Client: The natural or legal person with whom Nexus B.V. has entered into an agreement regarding the Work.
Agreement(s): The agreement(s) between the Client and Nexus B.V. to which these general terms and conditions apply.
In Writing: A signed document, letter, fax, e-mail, or any other method of recording and communication agreed upon by the parties.
Nexus B.V.: Nexus B.V. and all companies belonging to or affiliated with it, as referred to in Articles 2:24a and 2:24b of the Dutch Civil Code.
Work: The goods, activities, and services described in the Agreement, to be supplied and/or performed by Nexus B.V.

Article 2 - Applicability

2.1 These general terms and conditions apply to all quotations, concluded Agreements, and all resulting agreements between the Client and Nexus B.V.
2.2 Nexus B.V. expressly rejects the applicability of the Client’s general terms and conditions.
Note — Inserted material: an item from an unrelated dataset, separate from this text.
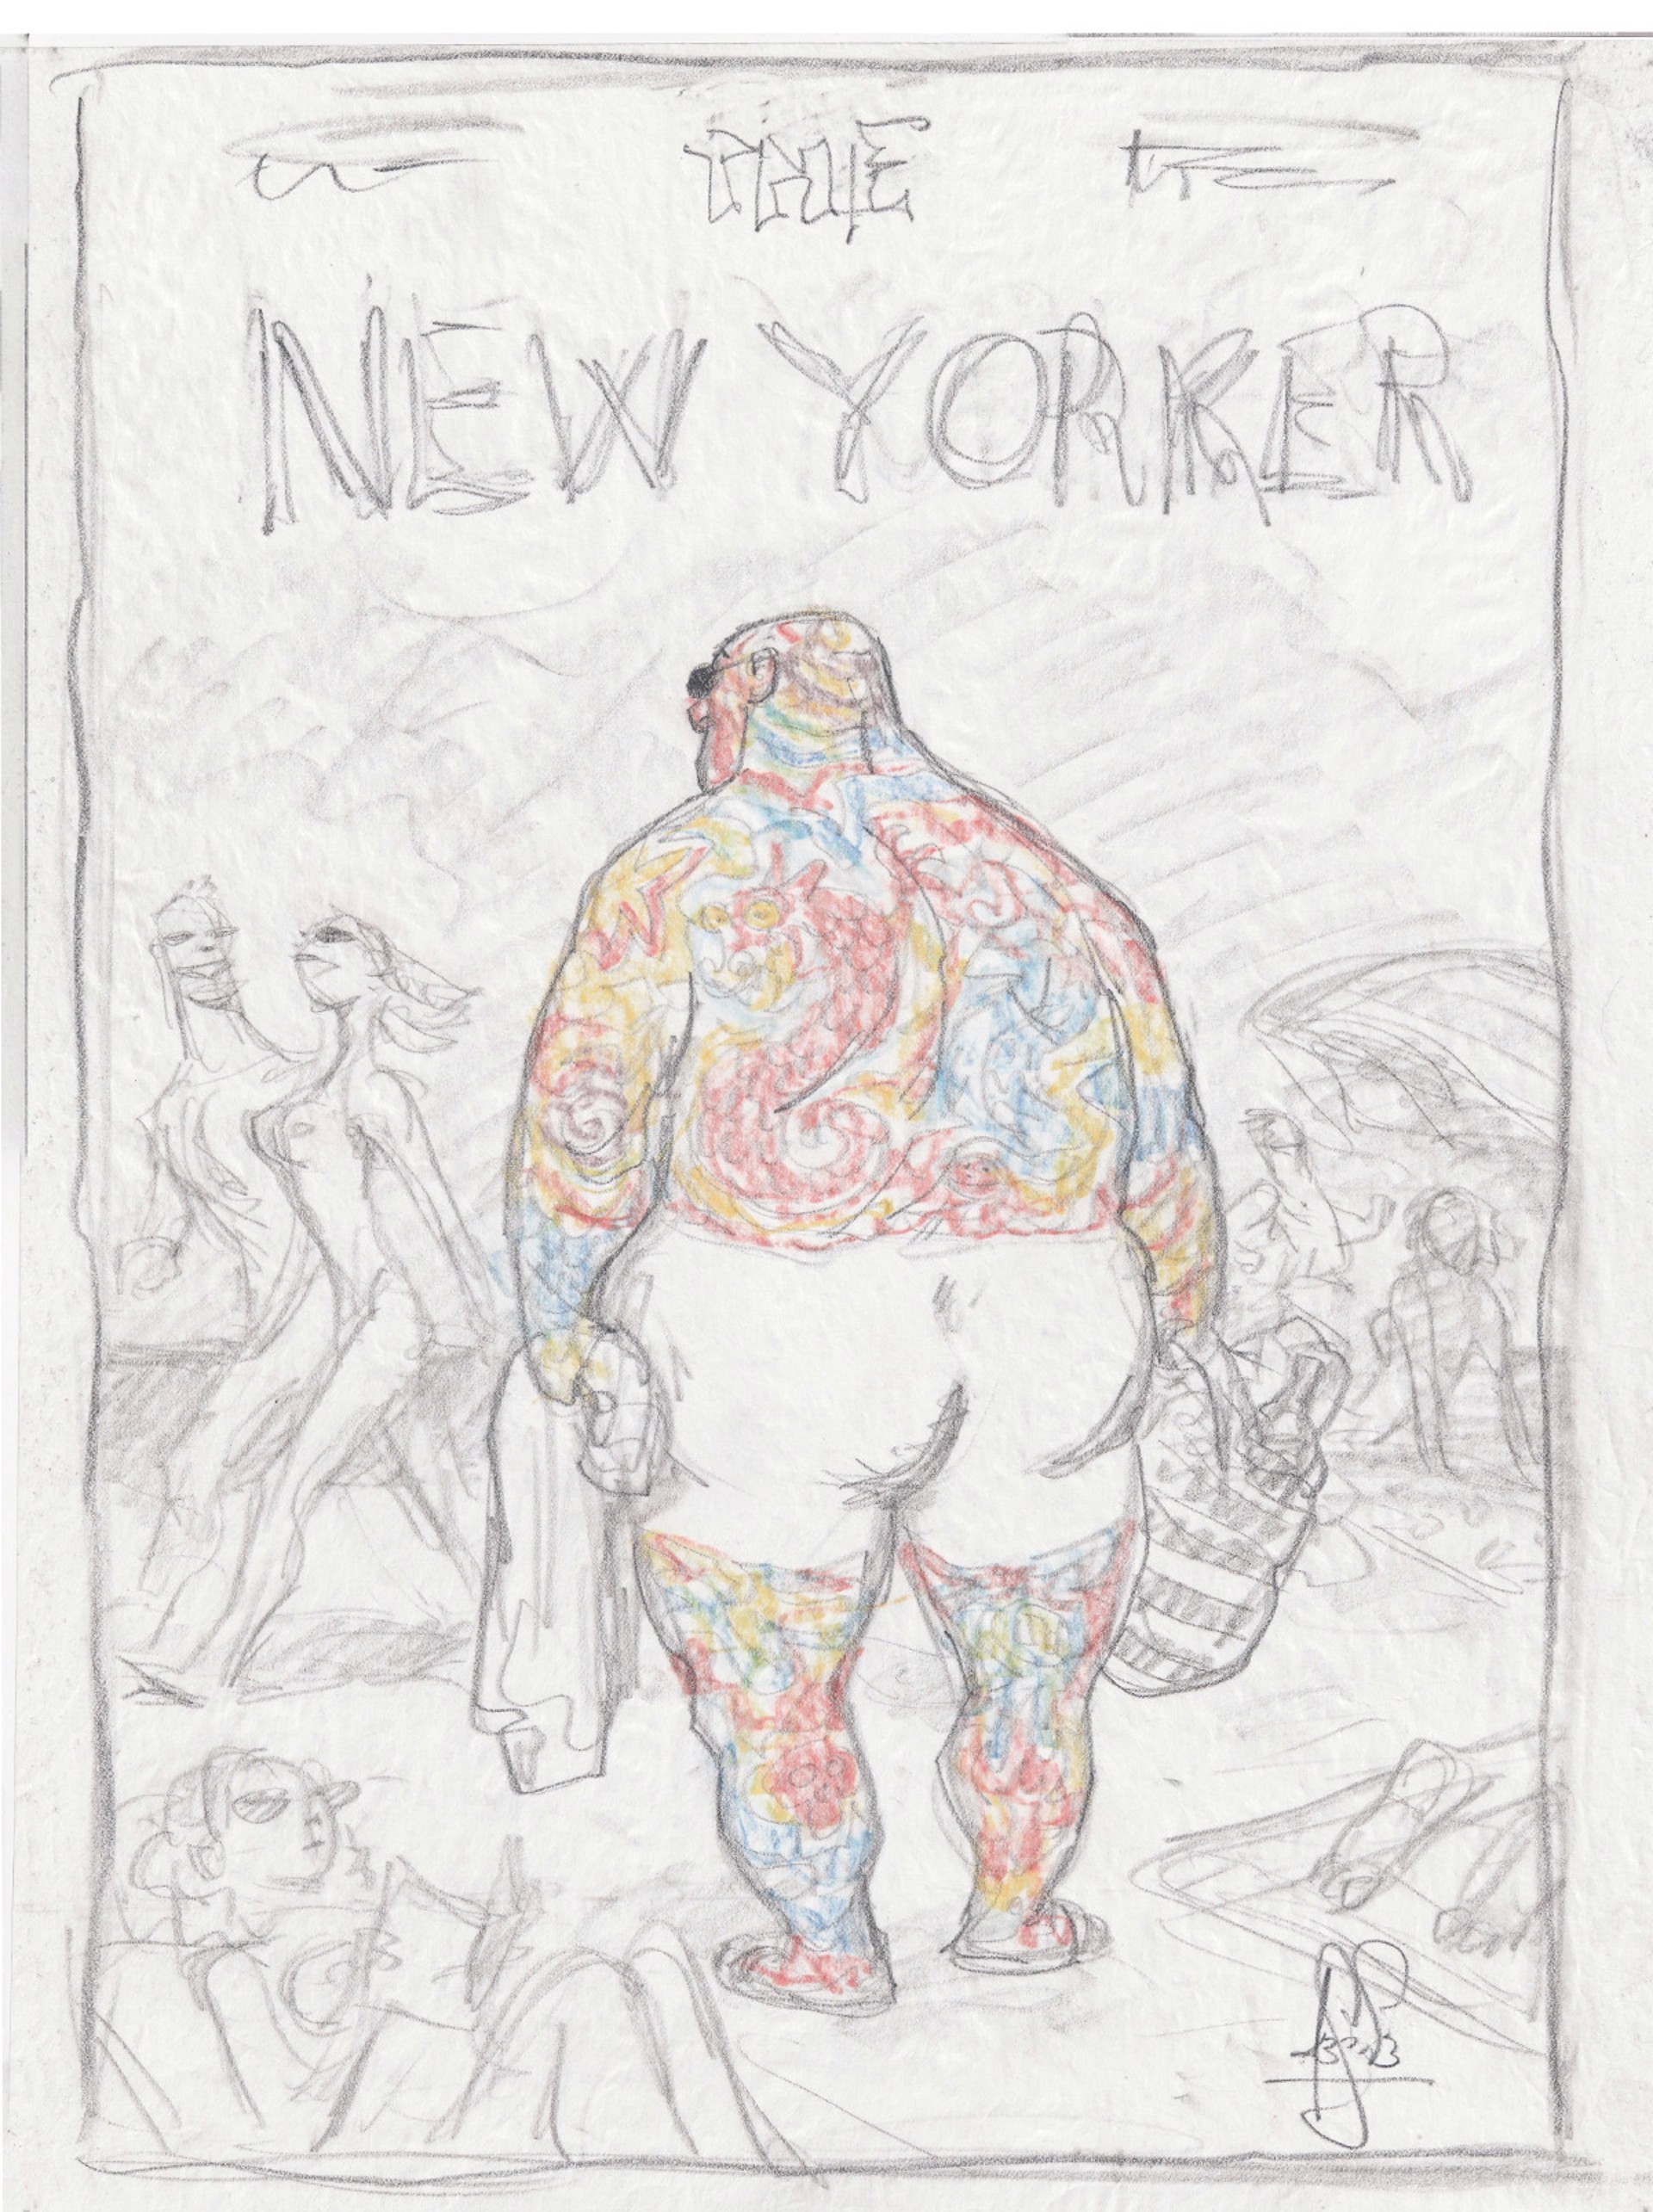 Proposed sketch for New Yorker Cover "Beach Bum" by Peter de Sève

Deviations and additions to these general terms and conditions are only binding if agreed upon in writing.
2.3 Any deviating provisions in a quotation issued by Nexus B.V. shall prevail over these general terms and conditions.
2.4 These general terms and conditions were originally drafted in Dutch. In the event of any ambiguities or differences in interpretation, the Dutch text shall prevail.

Article 3 - Quotation and Formation of the Agreement

3.1 All quotations are non-binding and should be regarded as separate and divisible proposals.
3.2 The intellectual property rights related to the quotation remain vested in Nexus B.V. Information contained in the quotation, including submitted documents, may not be copied, used, or disclosed to third parties without prior written consent from Nexus B.V., without prejudice to Article 17.
3.3 Information provided by Nexus B.V., such as drawings, calculations, descriptions, models, weights, dimensions, capacities, prices, performance data, and other details found in brochures, circulars, catalogues, prospectuses, advertisements, lists, and illustrations, are indicative unless expressly agreed otherwise.
3.4 If the Agreement is concluded in writing, Nexus B.V. shall only be bound from the moment it has signed the Agreement and/or has confirmed the order in writing. The content of the Agreement is determined solely by the Agreement signed by both the Client and Nexus B.V., or by the written order confirmation issued by Nexus B.V. In the event of any inconsistency between contractual documents, the order confirmation of Nexus B.V. shall prevail. Oral promises and arrangements shall only be binding on Nexus B.V. if and to the extent that they have been confirmed in writing.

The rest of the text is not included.